__EXERCISE DATA__

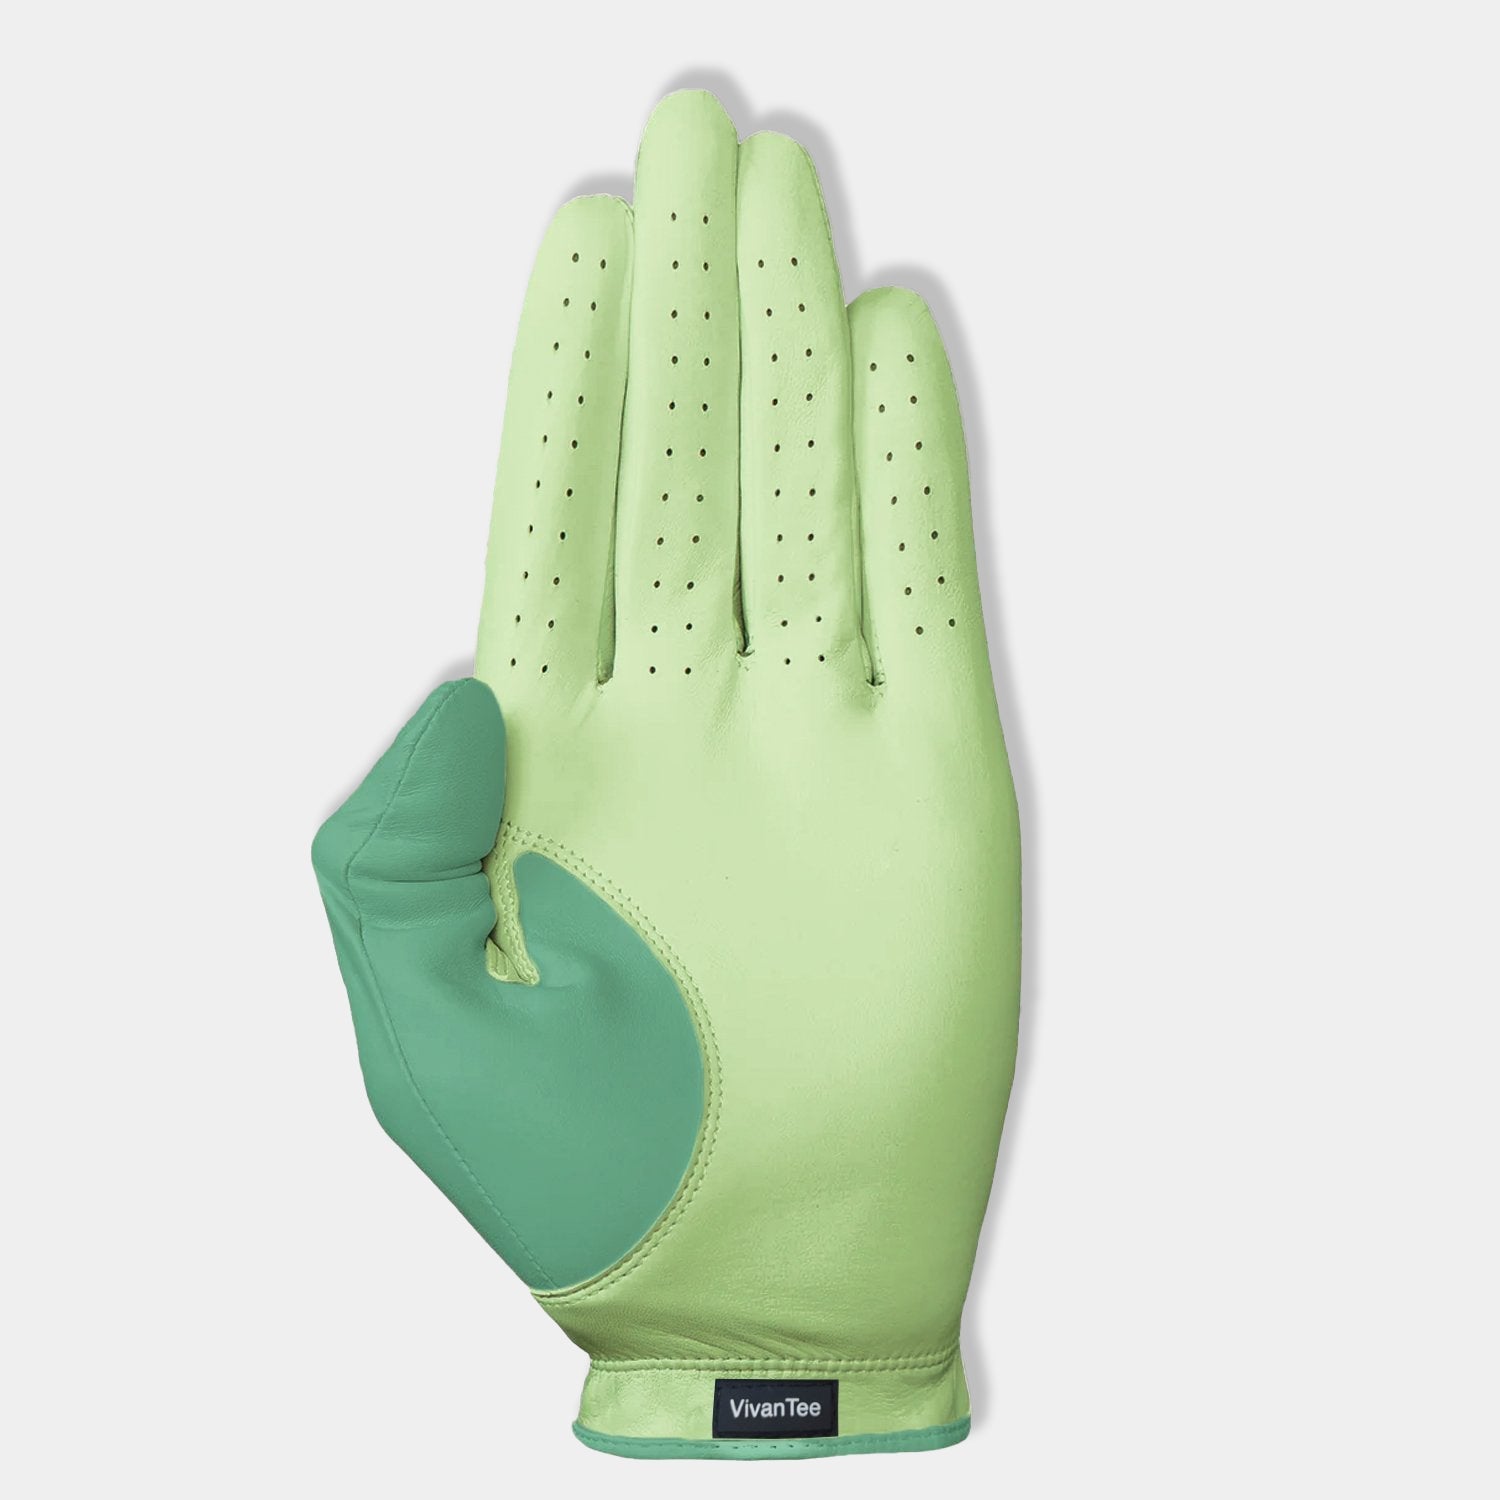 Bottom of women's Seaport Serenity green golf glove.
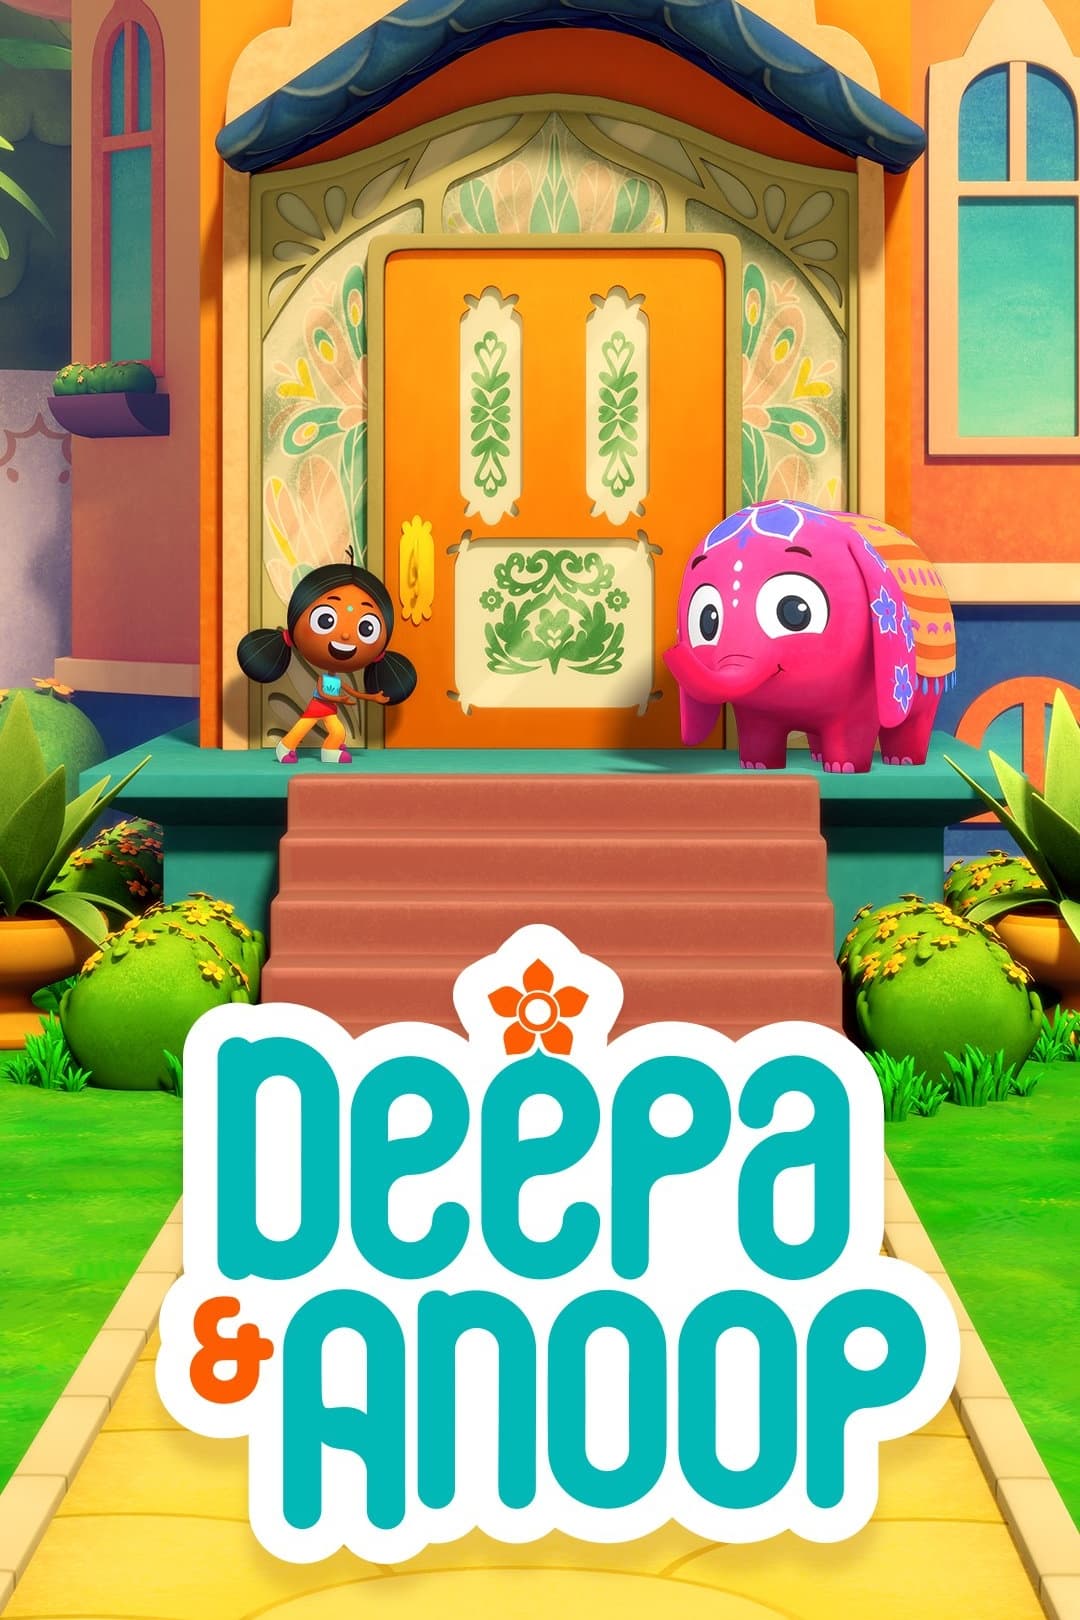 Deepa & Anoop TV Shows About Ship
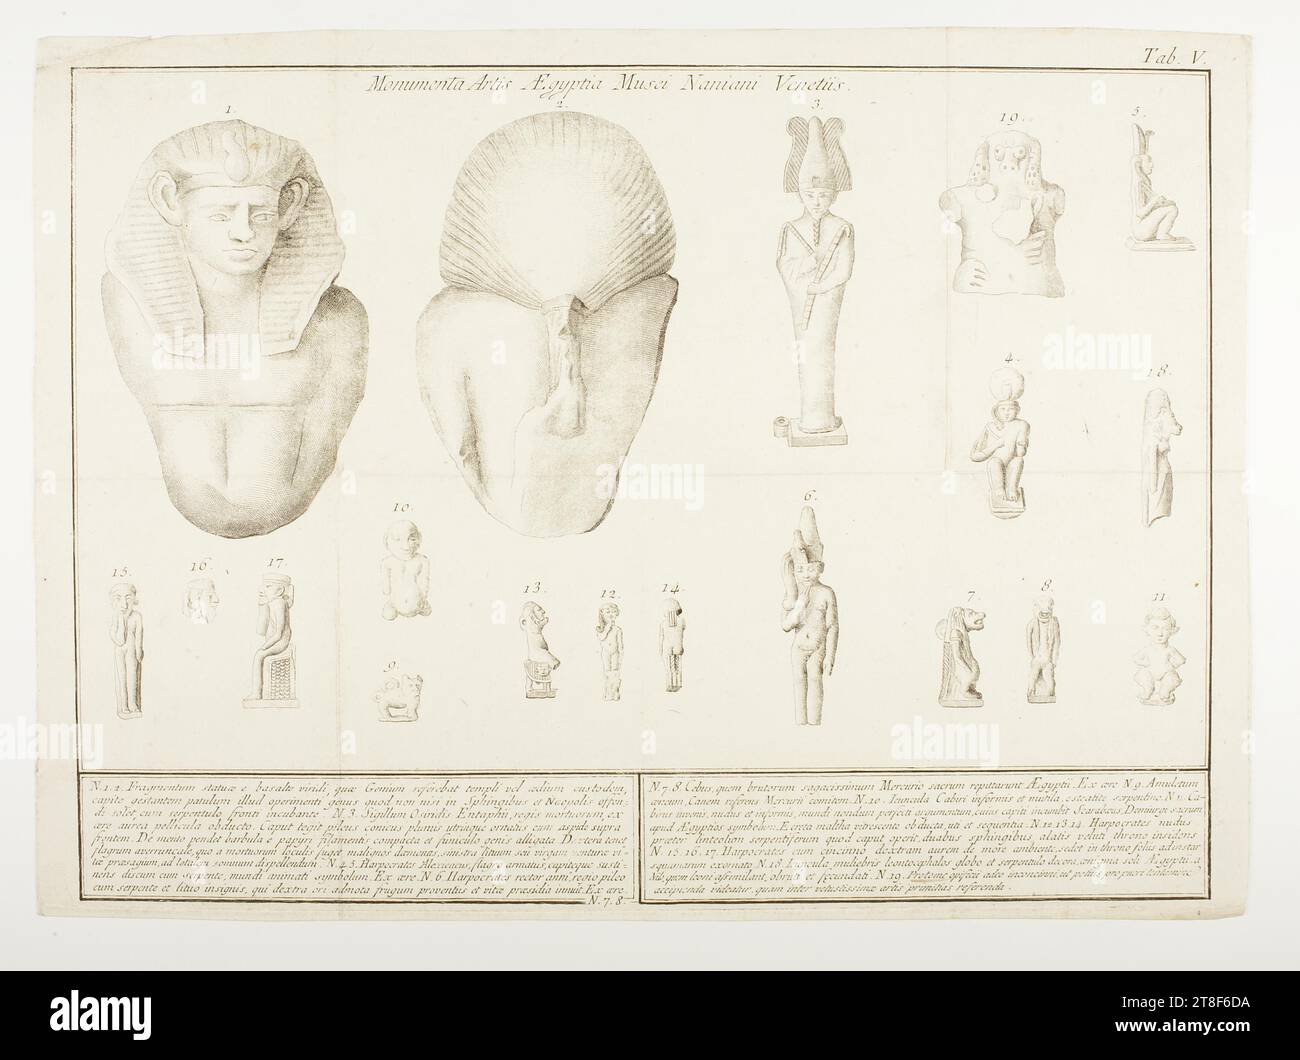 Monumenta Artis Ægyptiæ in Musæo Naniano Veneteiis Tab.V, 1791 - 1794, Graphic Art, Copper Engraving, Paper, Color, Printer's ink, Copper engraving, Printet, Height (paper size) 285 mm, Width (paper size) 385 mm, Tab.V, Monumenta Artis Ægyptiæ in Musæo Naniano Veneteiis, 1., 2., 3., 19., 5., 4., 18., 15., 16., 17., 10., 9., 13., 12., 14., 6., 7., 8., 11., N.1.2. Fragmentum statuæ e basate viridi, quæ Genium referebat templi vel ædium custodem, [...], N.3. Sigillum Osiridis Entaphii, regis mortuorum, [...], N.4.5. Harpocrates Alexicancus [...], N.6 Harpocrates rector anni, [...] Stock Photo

__AIM OF THE TASK__
Without the pictures, transcribe the listing above exactly.

__ANSWER TO THIS TASK__
 Bottom of women's Seaport Serenity green golf glove.
 Deepa & Anoop TV Shows About Ship
 Monumenta Artis Ægyptiæ in Musæo Naniano Veneteiis Tab.V, 1791 - 1794, Graphic Art, Copper Engraving, Paper, Color, Printer's ink, Copper engraving, Printet, Height (paper size) 285 mm, Width (paper size) 385 mm, Tab.V, Monumenta Artis Ægyptiæ in Musæo Naniano Veneteiis, 1., 2., 3., 19., 5., 4., 18., 15., 16., 17., 10., 9., 13., 12., 14., 6., 7., 8., 11., N.1.2. Fragmentum statuæ e basate viridi, quæ Genium referebat templi vel ædium custodem, [...], N.3. Sigillum Osiridis Entaphii, regis mortuorum, [...], N.4.5. Harpocrates Alexicancus [...], N.6 Harpocrates rector anni, [...] Stock Photo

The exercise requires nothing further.